In a nutshell, I think this chapter invites all of us (readers) to deeper faith in Jesus. And this faith is both a response and a relationship. Faith is seen as a response to the “exegesis” of Jesus. He reveals to us the Father in as much as he reveals to us who he is. Faith then as a relationship between us and this person who reveals to us God and who continues to work in our lives countless “mirabila Dei.” (R.J. Orbeta)
The Prologue of John: God’s Faithfulness and Love
The prologue describes to us the intimate relationship between Jesus and the Father. The Son is the concrete manifestation of the Father’s nature and image as “Life, True Light, Full of Grace and Truth, and Eternal.” Moreover, the prologue invites us to reflect on our faith journey in responding to the call Jesus – the true light. Hence, the prologue invites us to become like John in bearing witness to the light.
Why John does introduce/begin his gospel in such manner? I personally thought of four reasons: 1) the prologue illustrates to us the main themes of the gospel such as the Logos, Life, Light, Grace and Truth, 2) the prologue illustrates to us that Jesus has divine origin, He is not just a human by nature but Jesus is the Incarnate Son of God, 3) the prologue illustrates to us the intimate relationship of Jesus to the Father – the entire ministry of Jesus was marked by the presence of God. God is Jesus’ witness in his ministry. 4) the prologue elucidate that God is a faithful and loving God. He concretized His love and faithfulness to us by giving His only Son born in flesh but divine by nature and origin.
What does John1:14a tell the message about? （Sr. Che）
“And the Word became flesh and dwelt among us…” (John1:14a). This verse reminds me to rethink about the manifestation of God in the OT where it is about the “Shekinah”, “to dwell in a tent”, “God’s presence with his people”. A God like a traveler who is always a stranger to this earth, He is totally the otherness like the burning bush which Moses had seen.
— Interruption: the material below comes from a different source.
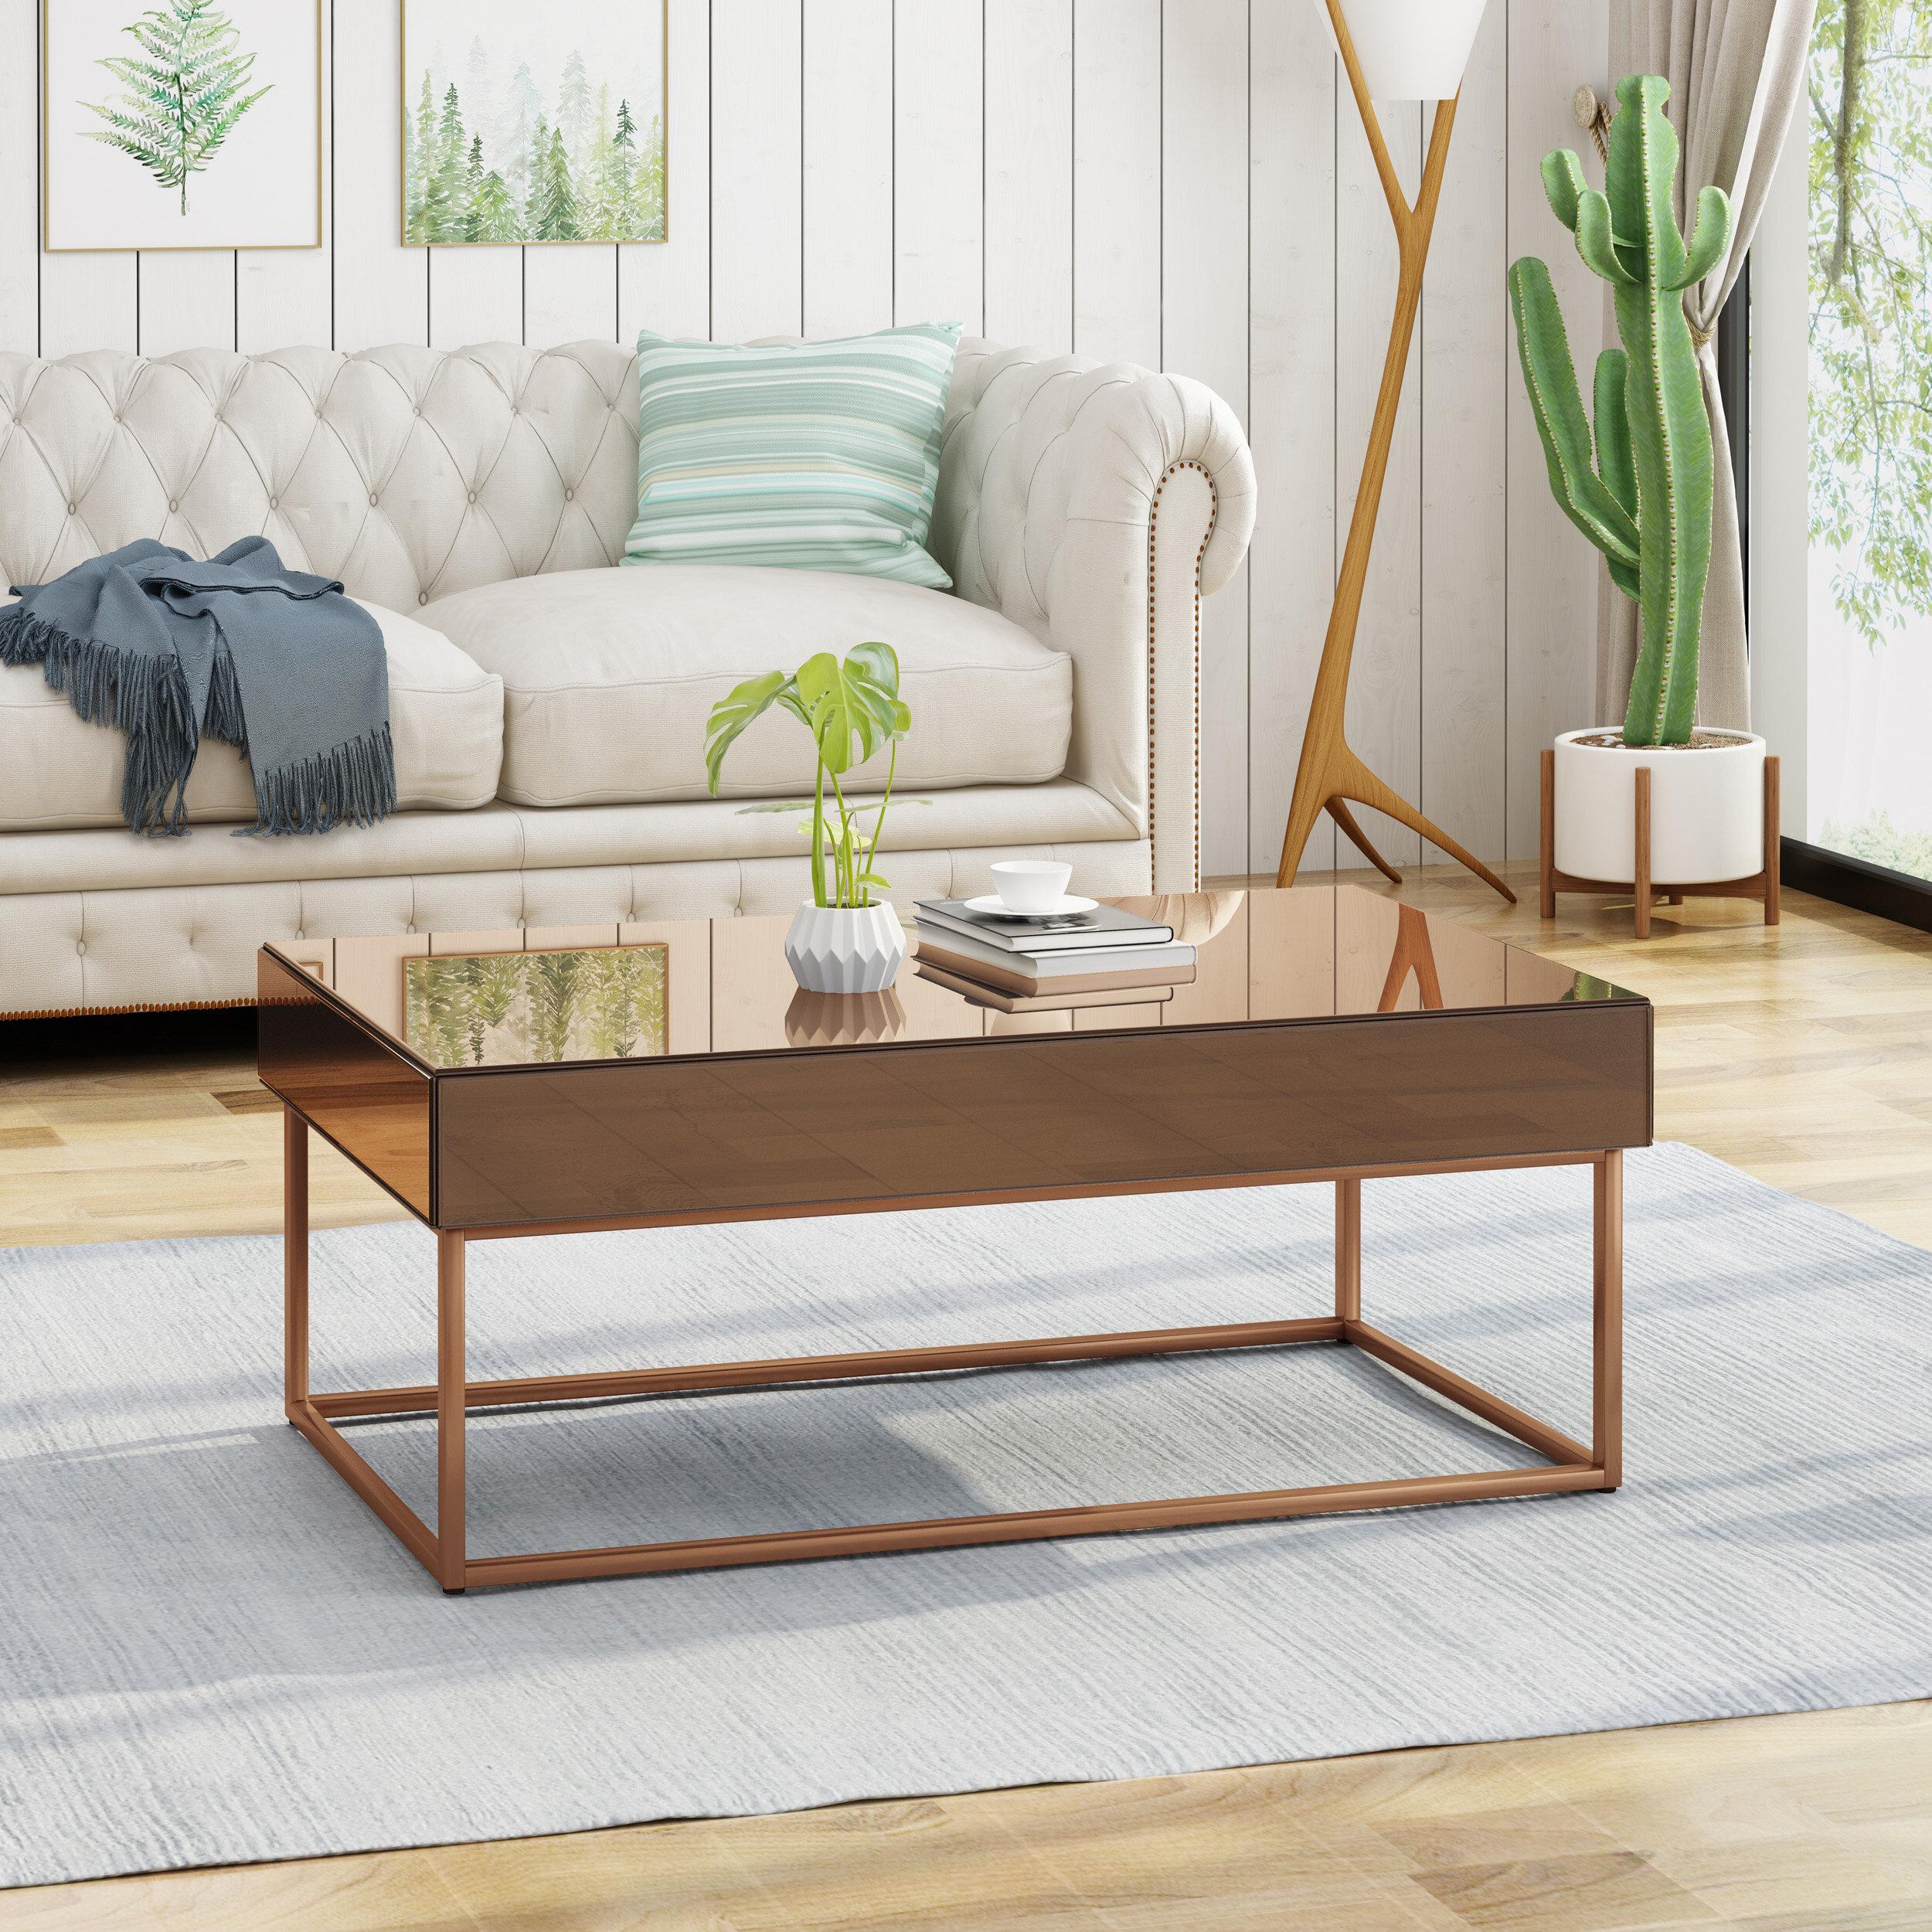 Wrought studio mcchristian modern glam coffee table with storage wayfair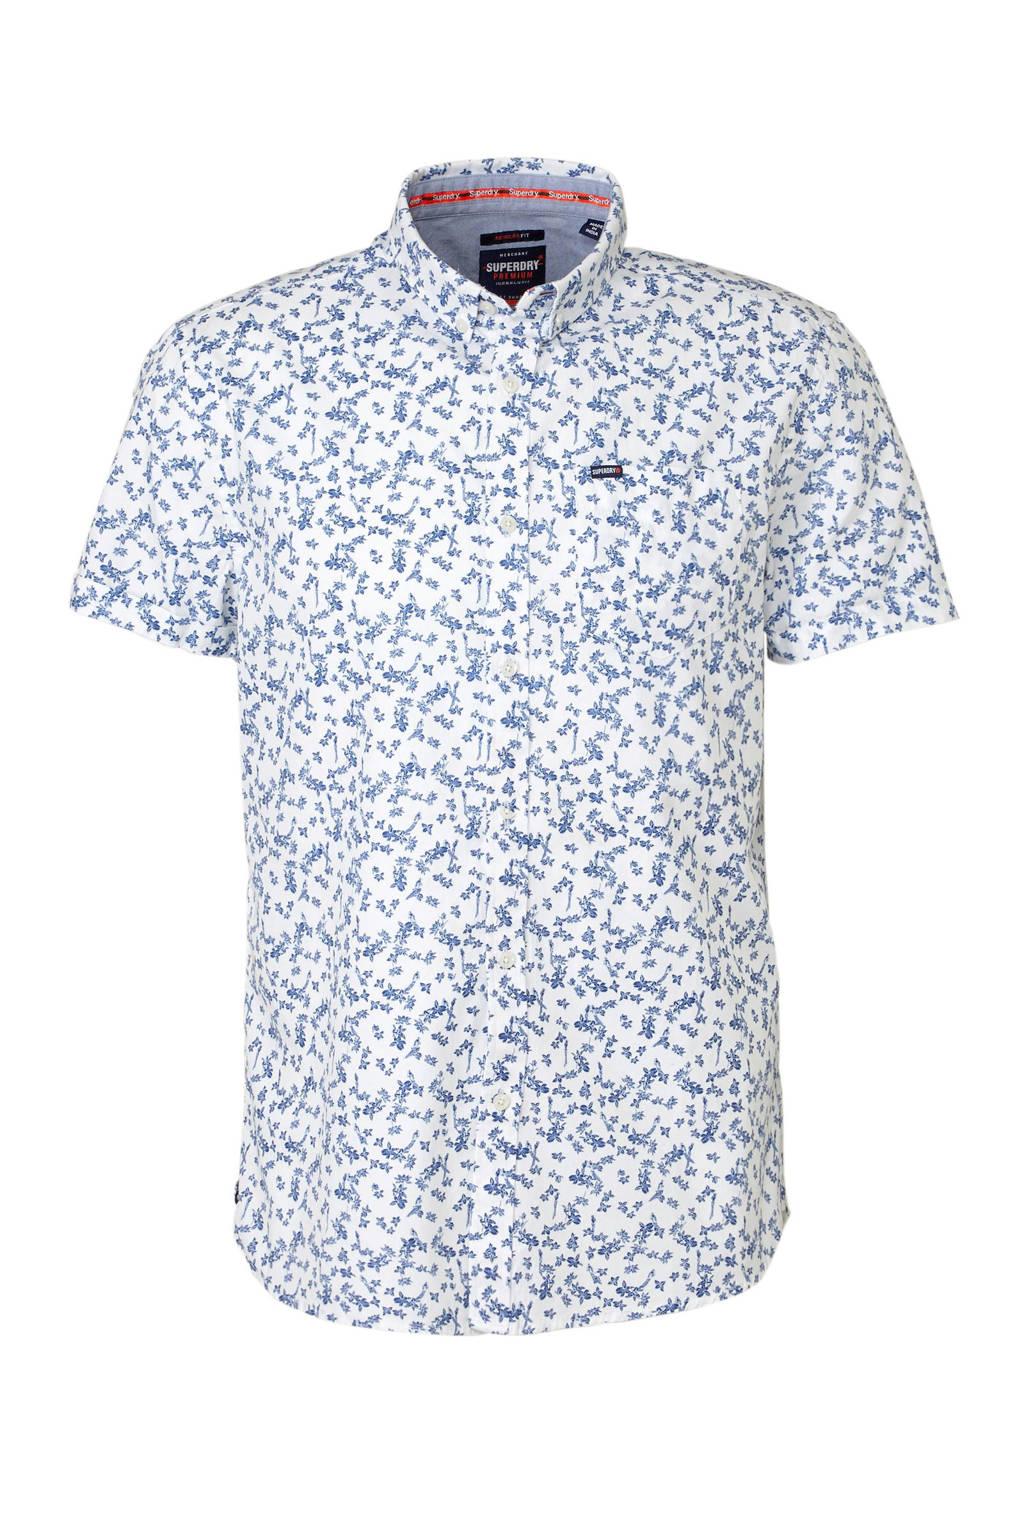 Superdry overhemd korte mouw, Wit/blauw

But He was the one who always accompany and guiding with his people Israel on the way to the Promised Land.
The Word of God in OT it also manifested the mighty deeds of God where the Word and action of God always go together, when “God said ‘Let there be light’, and then there was light” (Gn1:6), our God is a God who says and performance surely. God’s love and fidelity to his people where it manifest his trustworthy character as Exodus reveals us, He is “a God merciful and gracious, slow to anger, and abounding steadfast love and faithfulness (34:6).
In Matthew (the Logos) His name is “Immanuel”, in John is the “Word”, and John said “in the beginning” there he was, and the Word became flesh dwelt among us…full of grace and truth.”
We believe the Creatio per Verbum, we also believe further the Creatio ex nihilo (God’s creative activity) is true (ND19), and we surely believe the creatio continua totally is on going through the Word of God, the incarnation.
What does John1:14a tell the message about? The fidelity of God which leads us persistently continually to belief, and the Word of God (the incarnation of Christ) will continuously in guiding and accompany with us on this journey in the process of our creatio continua (to His Father).
Whoever this John really is, we thank God for him endlessly, for in his obscurity, he has made our Salvation known. In the end, this John can speak honestly of what his namesake has succinctly declared before the Messiah, “He must increase, but I must decrease.”